#### Work order
Only the lines below from the one that holds "icone vettoriali farfalla nera" through the one that holds "winter train scene" should appear in the answer, copied exactly, end lines included and pictures omitted.

#### Records for this task
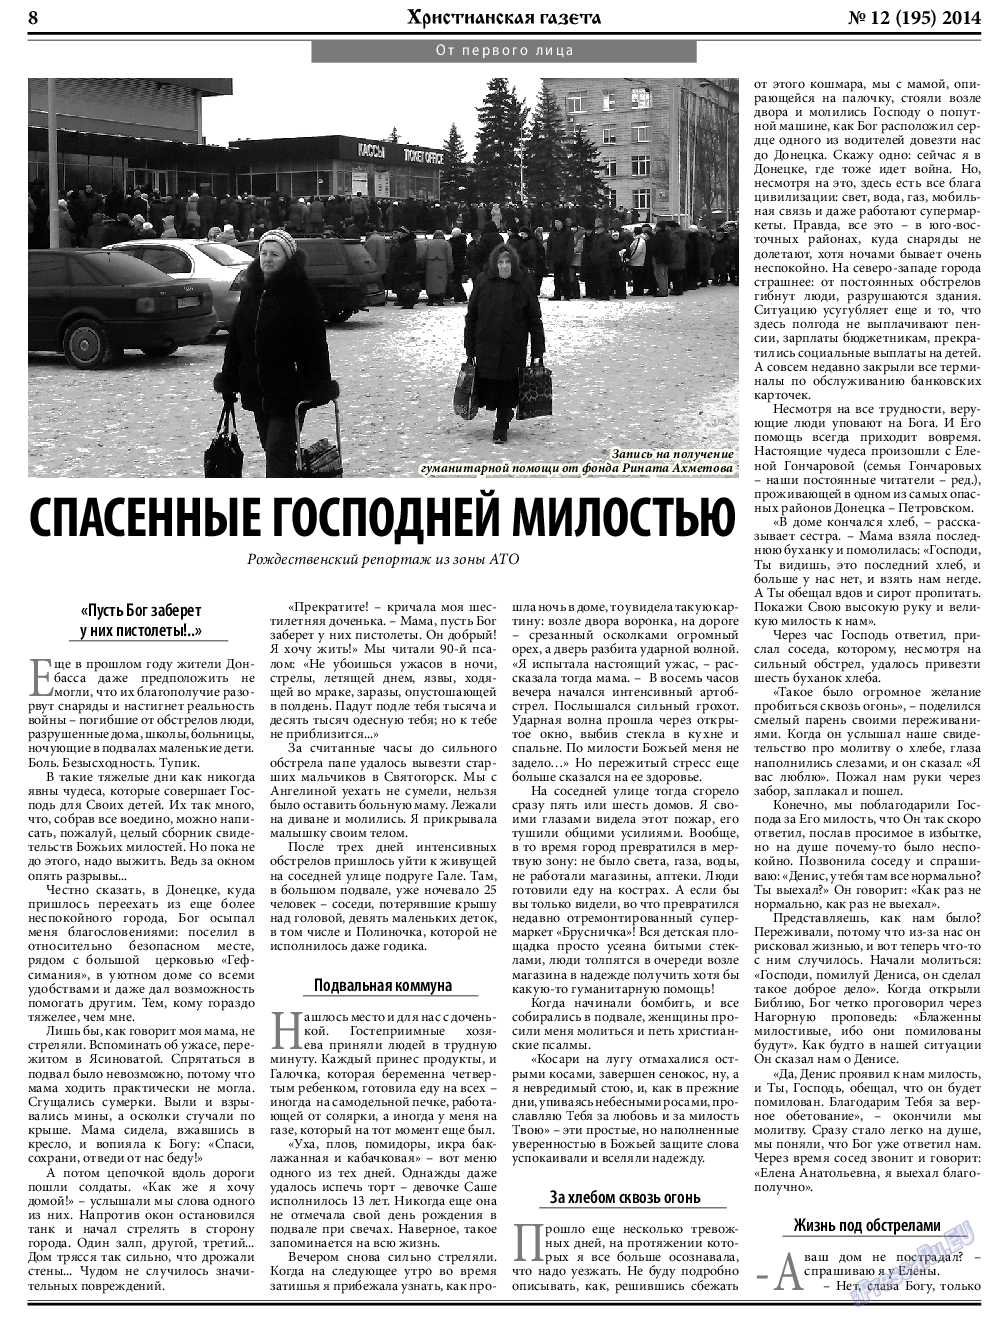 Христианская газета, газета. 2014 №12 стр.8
* * *
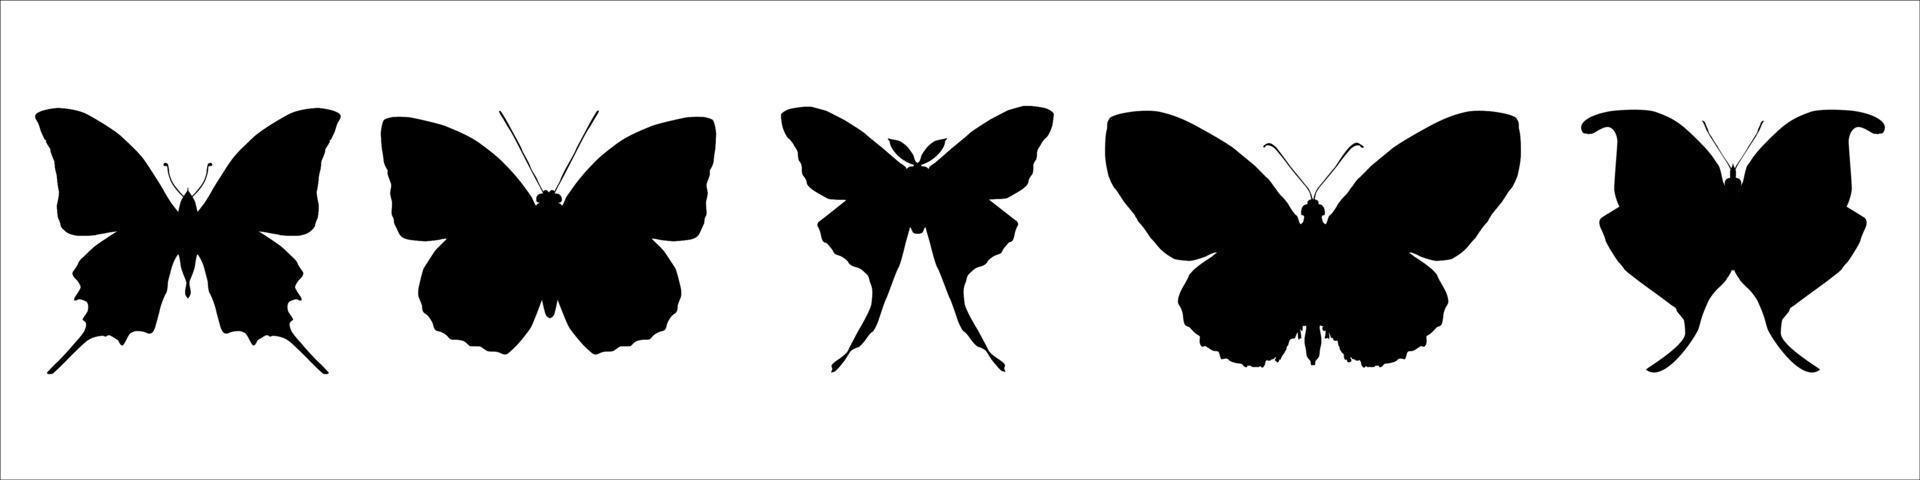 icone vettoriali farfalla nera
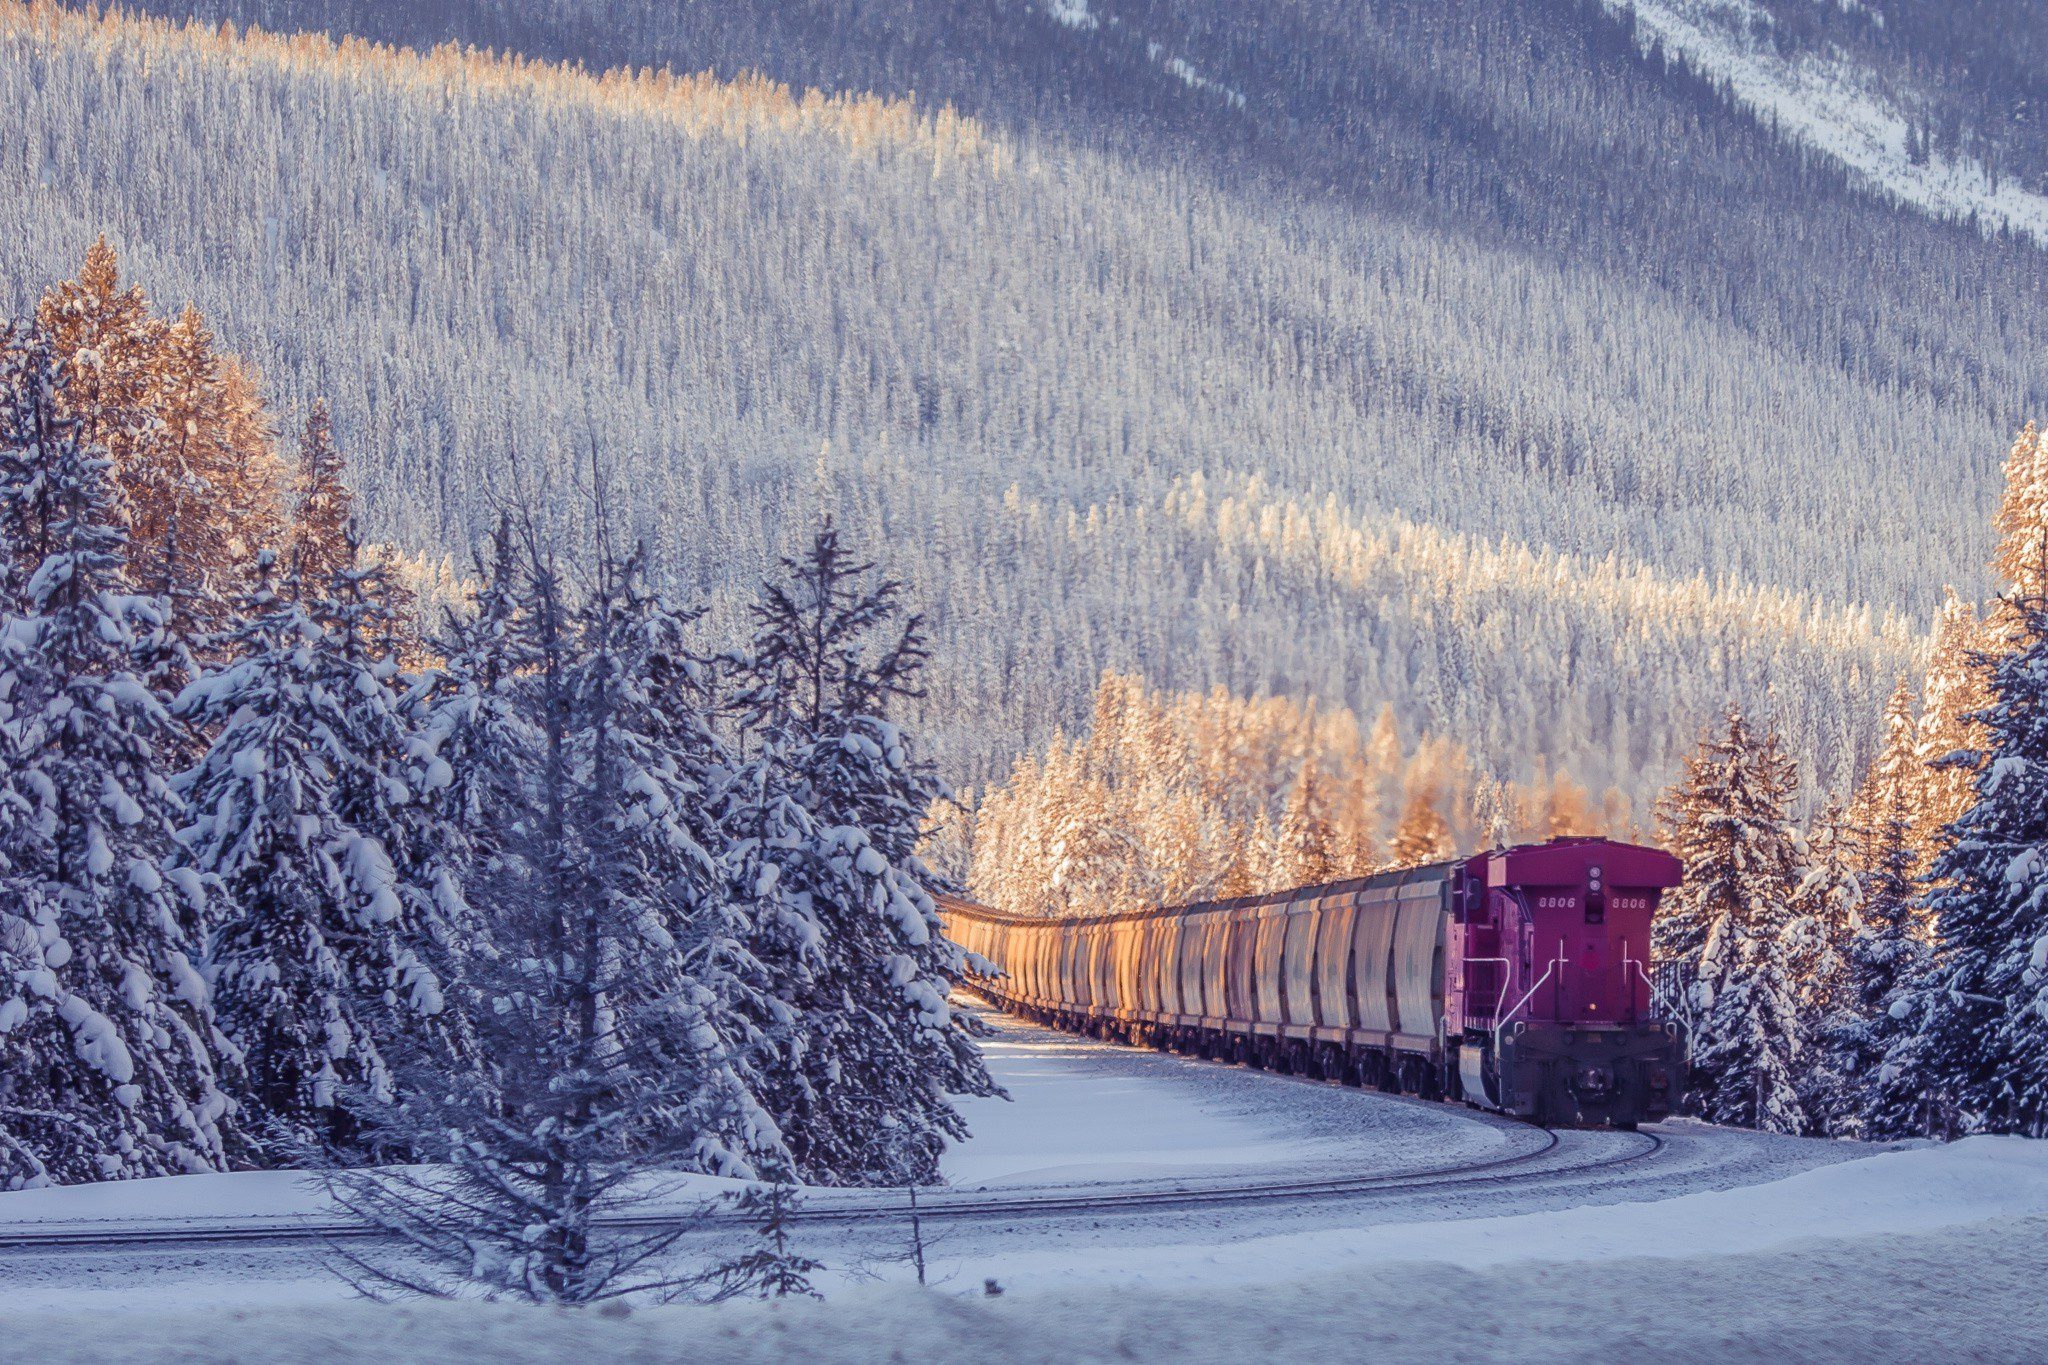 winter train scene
...
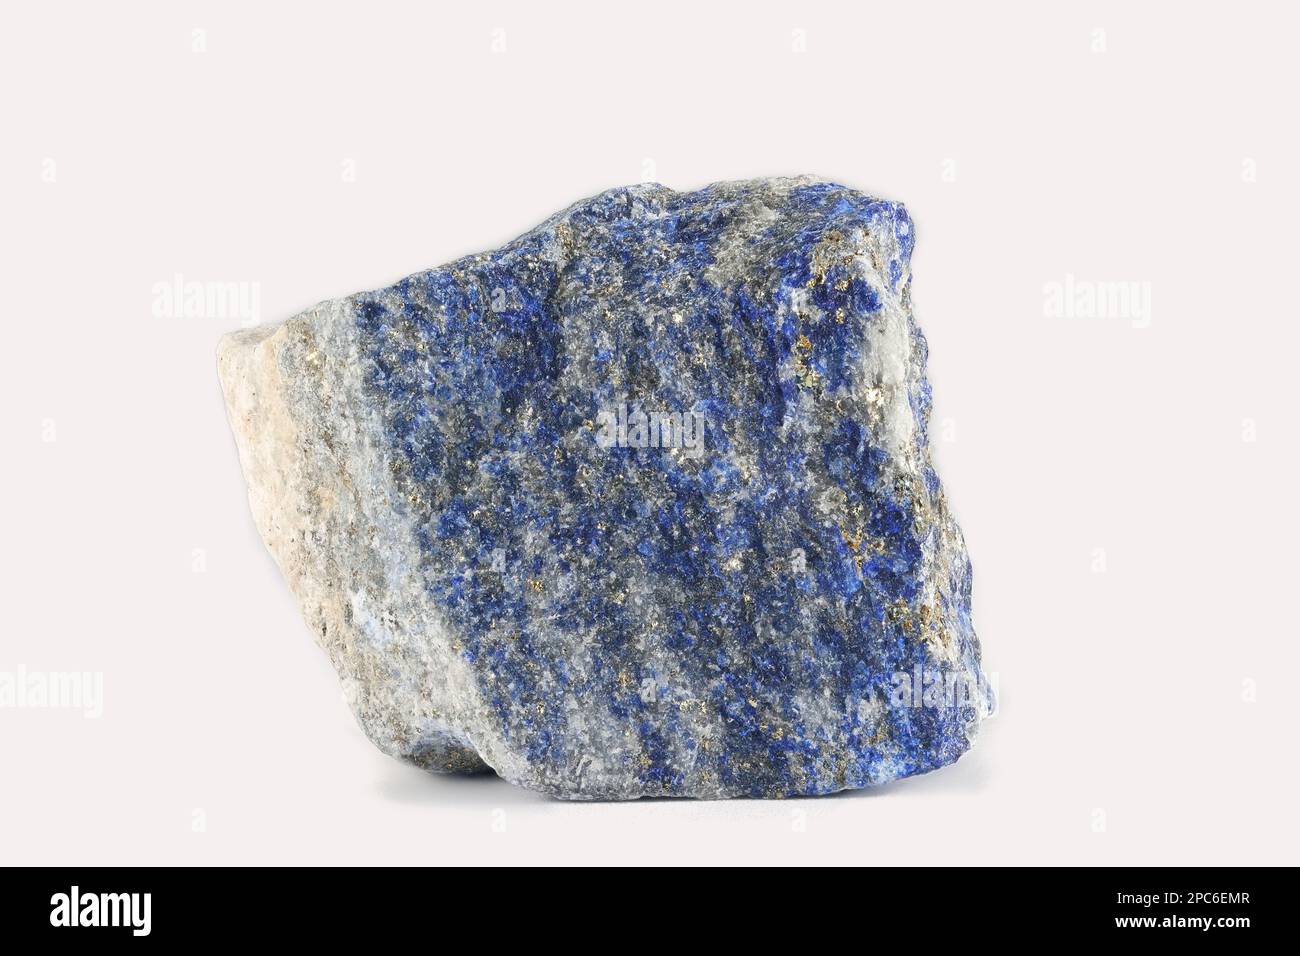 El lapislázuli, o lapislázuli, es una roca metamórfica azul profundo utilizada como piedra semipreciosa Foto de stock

#### Exercise response
 icone vettoriali farfalla nera
 winter train scene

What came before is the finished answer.